A couple of years after introducing Office 2007 Open
XML file formats, Microsoft recently published specifications
of their doc, xls and ppt binary formats. It seems that it was surprising
for everyone how complicated these formats are. For example, the Excel 97-2003
file format is a 349 page PDF file.
Joel Spolsky, who worked on Microsoft's Excel development
team, shed some light why the Microsoft
Office file formats are so complicated. He provides many points describing
why that happened, but it seems that it can be summarized just in 2 main
points:
- These file formats were designed long ago in the
era of slow machines
They were designed to be fast on very old computers. For the early versions of
Excel for Windows, 1 MB of RAM was a reasonable amount of memory, and an 80386
at 20 MHz had to be able to run Excel comfortably
- Microsoft did not care to clean the format or to design new ones for a long time
A lot of the complexities in these file
formats reflect features that are old, complicated, unloved, and rarely used.

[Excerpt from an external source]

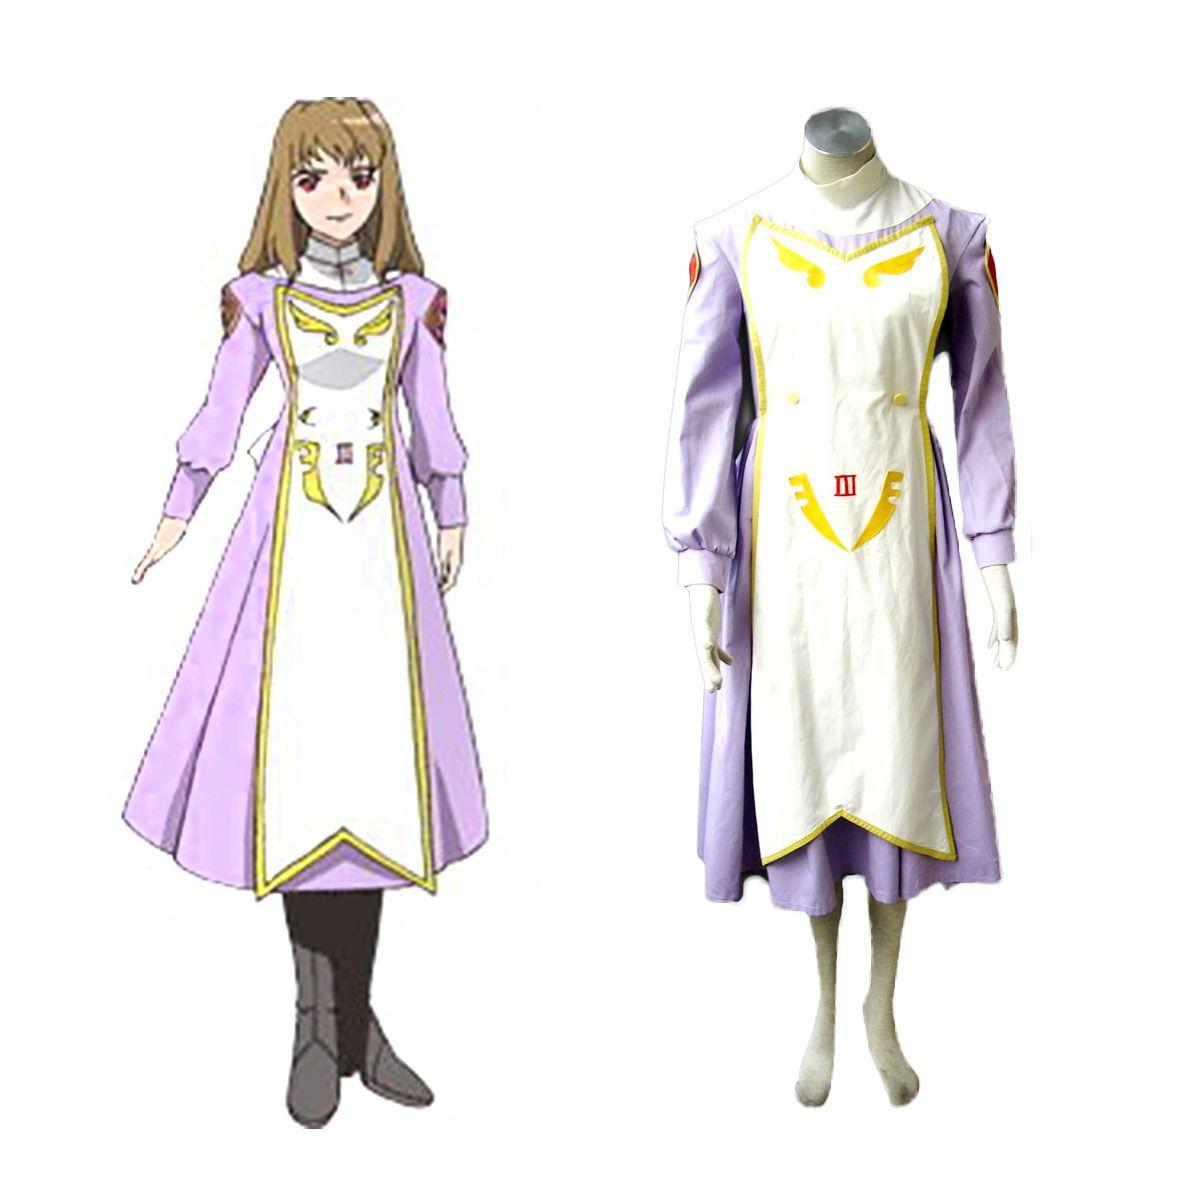 My-Otome Shizuru Viola Cosplay Costumes Deluxe Edition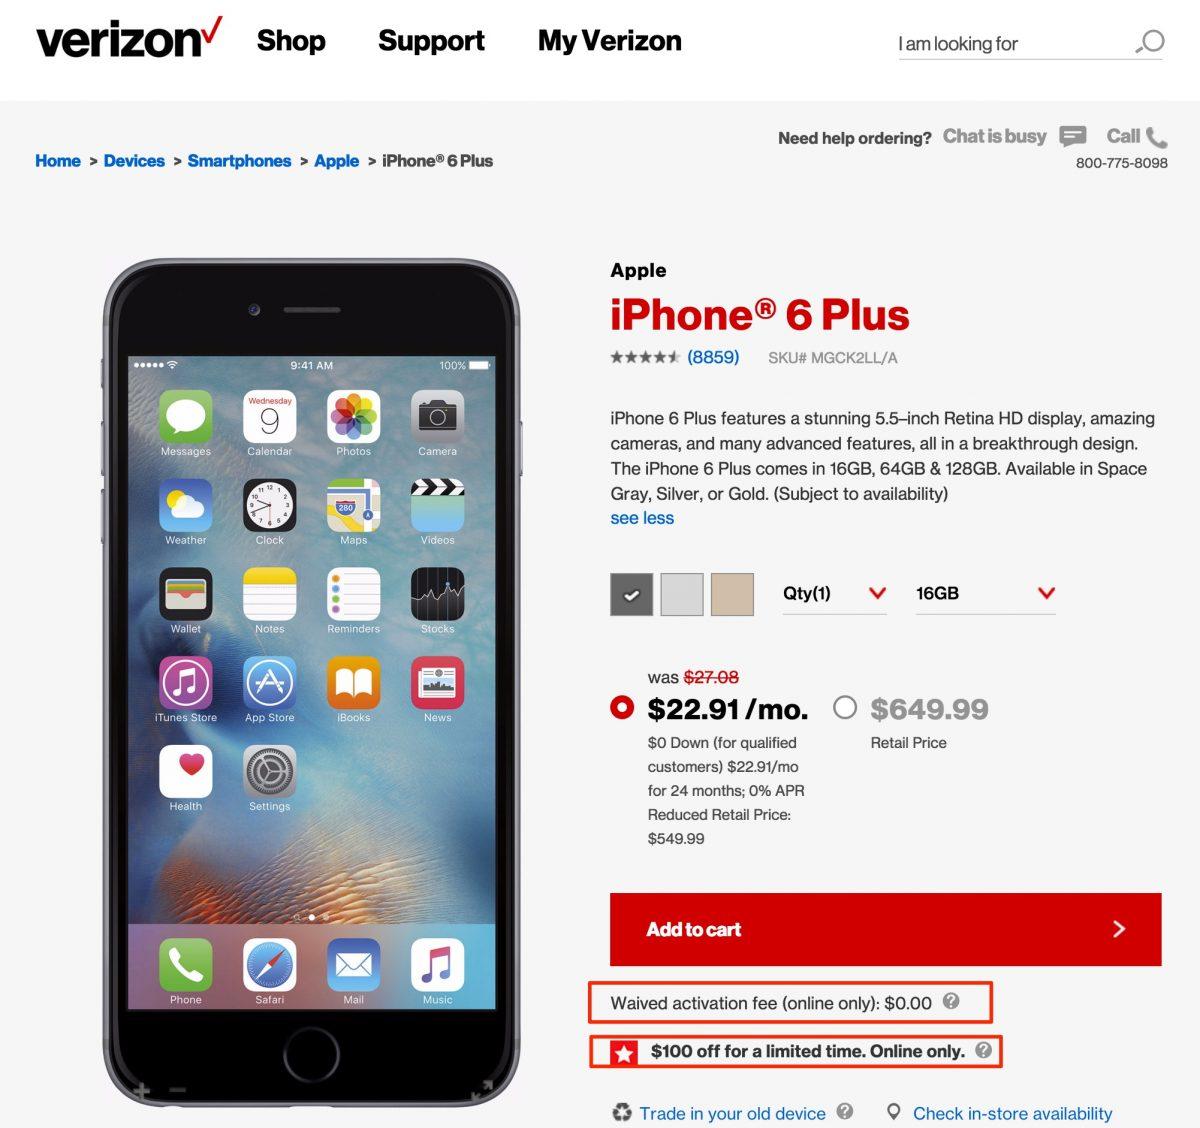 Verizon Memorial Day Online Sale: Take $100 Off IPhone 6

They’re still in the file format for backwards compatibility, and because it
doesn’t cost anything for Microsoft to leave the code around.
When reading that, one question continuously popping up in my head.
Why it did take so long to switch to a better
file format? Computers became fast enough, not to deal with binary formats,
more than 10 years ago, Internet is here for 2 decades, XML became popular in
1990s, but Microsoft switched one of their most selling product’s format to a
better one only in 2006. If they do not care about its interoperability, how many
efforts it took to support those formats and to train new people who became
part of Office team….